The DSR contract Pot uses the same rate mechanism with one variable to store the savings rate dsr
and a rate accumulator chi
to track the rewards that dai holders receive. Currently the savings rate is not natively integrated into the ERC20 DAI token. Ethereum external accounts or smart contracts have to execute a join
transaction in Pot to earn the savings rate on their dai.
Normalized balances of users are stored in the pie
variable and the real dai balance of users can be calculated by multiplying pie
and chi
anytime.
Rate accumulator chi
value increases when drip
function in the Pot contract is called which increases the balance of all locked dai holders. The Pot contract generates additional dai by recording bad debt first in Vow which will most likely get cancelled with surplus that is also being collected continuously as stability fees from Vaults.
The join
function expects the caller to calculate and input the normalized balance instead of the amount of dai being deposited by the user. It also requires drip
to be executed to ensure the current dai being deposited doesn't earn additional dai for past time before the actual deposit. These details are handled for you if the join proxy script is used instead of join
directly. You can learn more about DSProxy and Proxy Scripts in the Working with DSProxy guide.

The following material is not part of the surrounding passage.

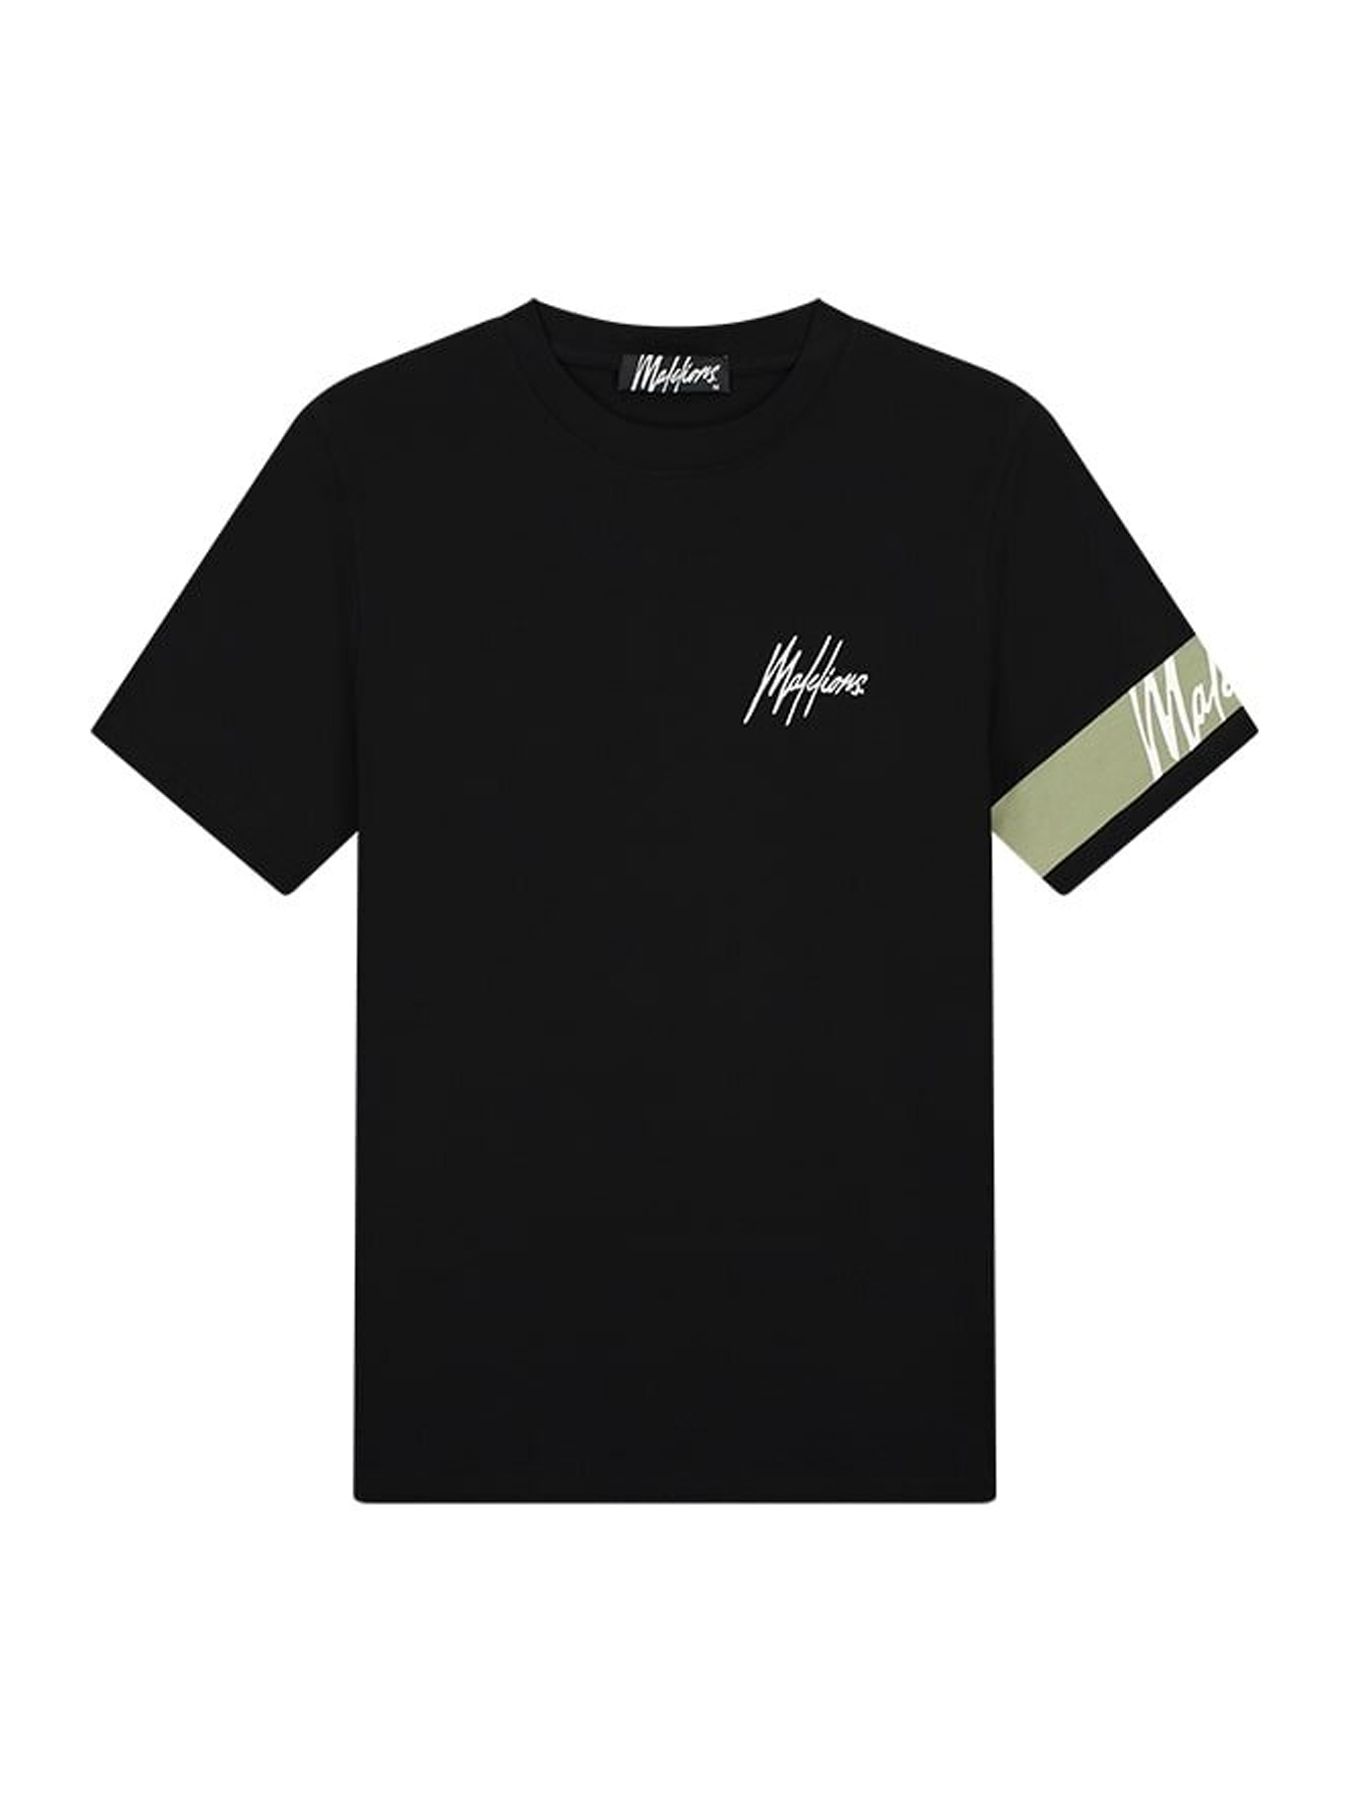 Malelions Men Captain t-shirt Black/Sage green 00108669-930

Single Collateral Dai (SCD) uses the rate mechanism for collecting stability fees from Collateralized Debt Position (CDP) owners. Technically there are two different rate mechanisms present in the Tub contract to collect two types of fees from CDP owners: governance fee fee
(sent to MKR holders), and stability fee tax
(sent to PETH holders). Normalized debt units for fee
and tax
are ire
and art
, and their rate accumulators are _rhi
and _chi
respectively.
One operational fact that you have to consider is that only the governance fee fee
is activated by Maker governance but it is colloquially referred to by everybody as the stability fee. The technical stability fee tax
in the system has always been dormant with its rate set to 1
ray. We'll also refer to the governance fee as stability fee for the rest of this guide.
Stability fees are accounted for in dai but collected in MKR when a CDP owner pays back some of their debt at the price reported by the MKR/USD price feed. Some frontend interfaces have automated this MKR payment for users by integrating with decentralized exchange contracts to buy the necessary amount of MKR using DAI or ETH for the address before wiping debt from the CDP. This MKR is immediately sent to the burner contract Pit which removes it from circulation. It can also be removed from total supply when Pit is authorized by the MKR token.
The drip
call is added to functions that CDP owners execute periodically in SCD to update everyones' stability fees, while in MCD, Maker governance is responsible for executing drip periodically to update the stability fee owed by Vaults instead of Vault owners themselves.
PETH holders receive their compensation through liquidation penalties levied on unsafe CDPs which is a completely different mechanism.
Exponentiation calculation taking too long? Check for a missing decimal point in rate if your python script takes too long to perform the exponentiation calculation.
This guide covered the general rate mechanism and how it is used to track the Stability fee and the Dai Savings Rate in the Maker protocol.